### Material provided

╭──

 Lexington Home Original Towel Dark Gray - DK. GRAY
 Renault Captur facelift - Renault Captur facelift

╰──
╭──

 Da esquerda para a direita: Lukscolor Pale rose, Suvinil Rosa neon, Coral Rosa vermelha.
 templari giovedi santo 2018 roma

╰──
╭──

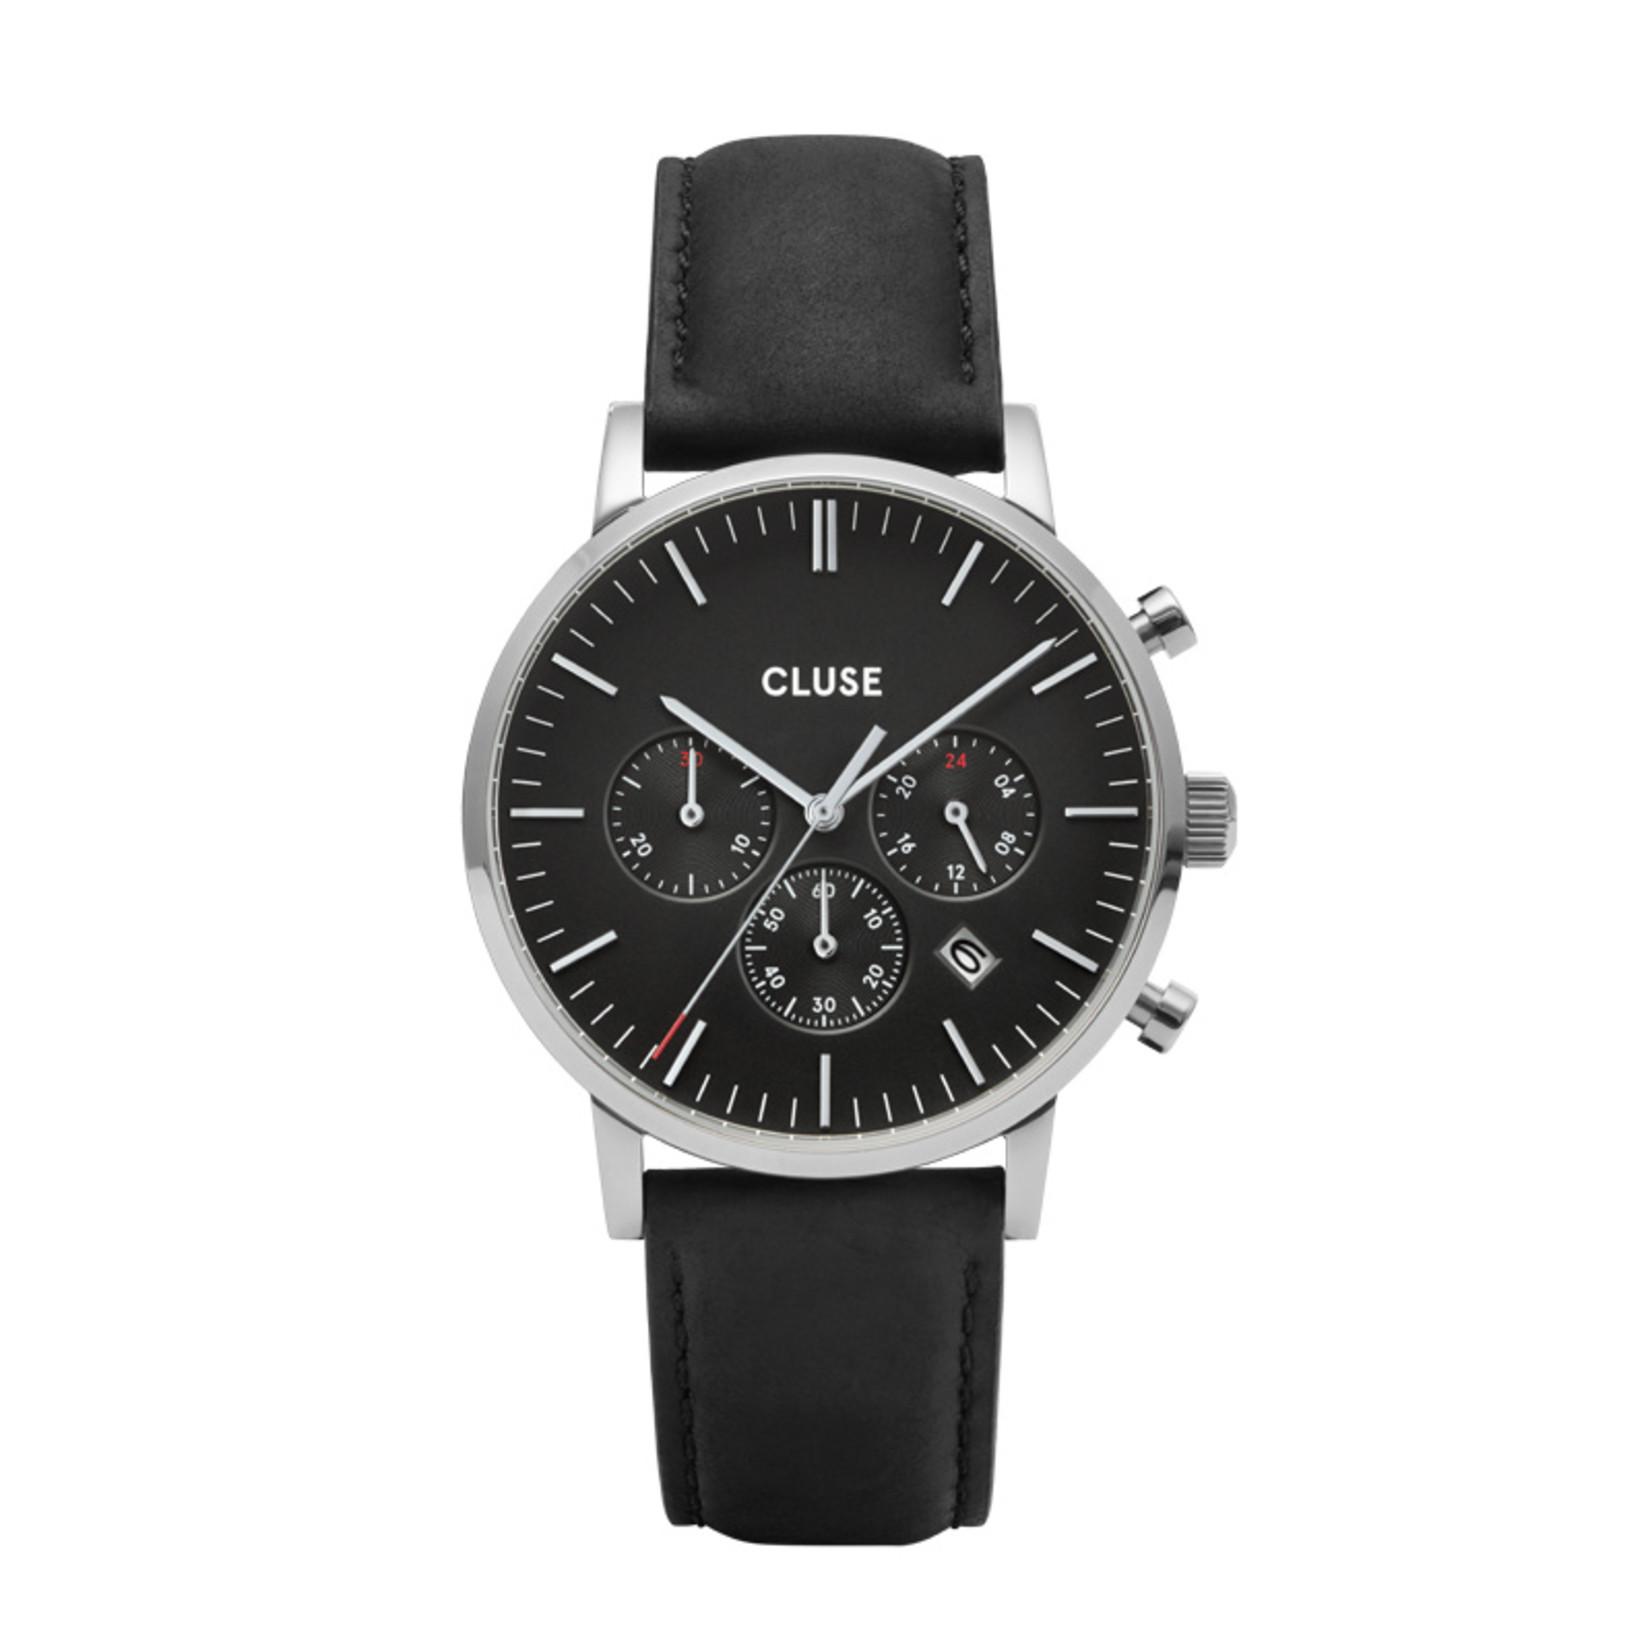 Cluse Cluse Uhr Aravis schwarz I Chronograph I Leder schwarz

╰──

Beginning with the line above that contains "Da esquerda para", copy each line exactly up to and including the line that contains "templari giovedi santo 2018 roma", and go no further.

 Da esquerda para a direita: Lukscolor Pale rose, Suvinil Rosa neon, Coral Rosa vermelha.
 templari giovedi santo 2018 roma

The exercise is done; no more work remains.